Lang zou Peters geen rentmeester meer blijven. Het kasteel werd eind 1904 aangekocht door een consortium van vermogende heren, omdat baron von Schloissnigg uit Wenen van het kasteel af wilde. Een jaar voordat de inboedel in mei 1905 onder de hamer kwam was Gerard al benoemd tot burgemeester van de gemeente Bergen. De rentmeesterswoning werd burgemeesterswoning. In 1918 werd hij benoemd tot directeur van de ‘Boeren en Tuinders Onderlinge’ en hij vestigde zich in Den Haag. Later werd hij benoemd tot Officier in de Orde van Oranje Nassau.
Peters bleef altijd zeer geïnteresseerd in de geschiedenis van zijn geboortedorp Well en publiceerde er meerdere artikelen over onder meer in ‘De Maasgouw’. Het archief van de Heerlijckheid Well en Bergen was een dankbare bron voor Gerard Peters' stukjes. Zo schreef hij genealogieën van families die Kasteel Well bewoond hadden. Gerard Peters' zoon, Leo (geb. 1900), was gouverneur van de Nederlandse Antillen van 1948 tot 1951 en minister voor Uniezaken en Overzeese Rijksdelen in 1951 en 1952. Daarna was hij burgemeester van Bergen op Zoom tot 1965. Leo genoot zijn opleiding aan het gymnasium Rolduc en de Landbouwhogeschool Wageningen. Ook Leo toonde, net als zijn vader, een grote interesse in de geschiedenis van Well en zijn kasteel.
In 's-Gravenhage bleef Gerard Peters stukjes schrijven over zijn geboortedorp.

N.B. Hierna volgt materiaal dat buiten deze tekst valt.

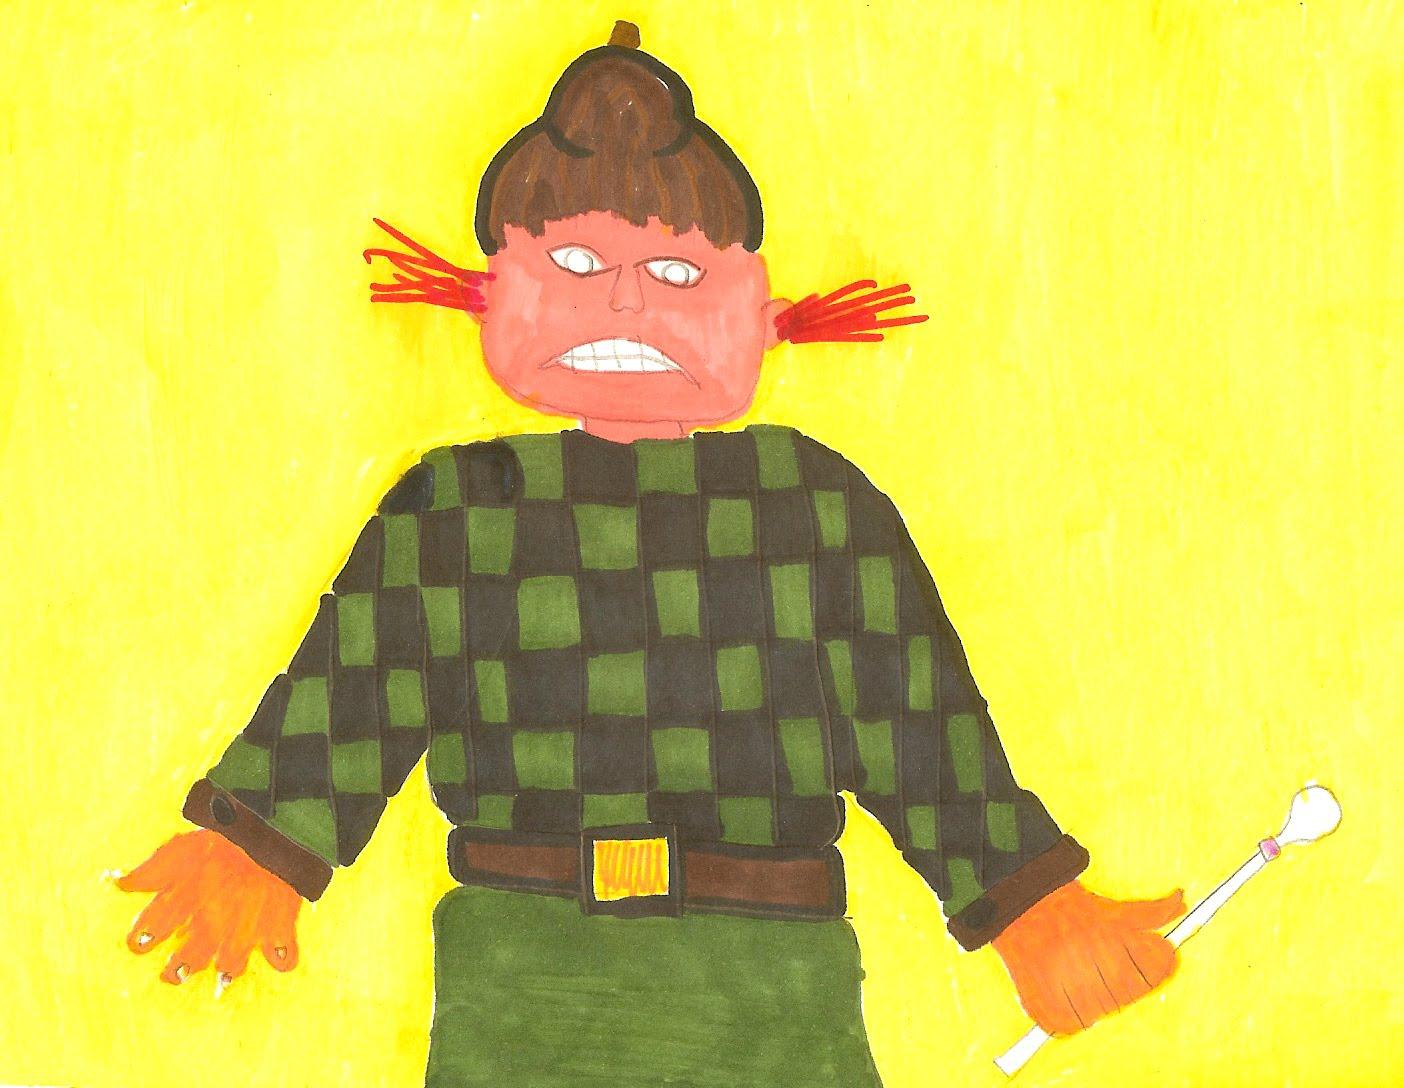 http://1.bp.blogspot.com/_TPrqKnzCulM/THiL0eNdvxI/AAAAAAAAASc/iM0Gk5W-xVg/s1600/angry_ears.jpg

Zijn kleindochter Rosemarie vertelde dat hij heimwee had naar Well en dat blijkt ook uit een passage uit zijn dagboek van 30 september 1928:
“...Ik laat vandaag nog eens de volle romantiek van mijn leven te Well in gedachten de revue passeren. Het is bijna een roman. Vandaag is het tien jaren geleden dat wij Well hebben verlaten! Ik kan mijn geboortedorpje maar niet vergeten en zou er zoo graag nog terugkeren om er te … sterven!”
Het mocht niet zo zijn. Hij overleed 8 juli 1940 te 's-Gravenhage en werd 13 juli op het kerkhof van zijn geliefde Well begraven, dicht bij de laatste adellijke familie die hij nog gediend had: de familie von Schloissnigg uit Wenen. Kort voor zijn dood schreef Gerard Peters een nooit uitgegeven ‘Kroniek der Heerlijkheid Well in het Overkwartier van Gelderland’. Pastoor Driessen kon er dankbaar gebruik van maken bij het schrijven van sommige hoofdstukken van zijn boek ‘Well en wee van een kasteeldorp in Noord-Limburg’ (1980).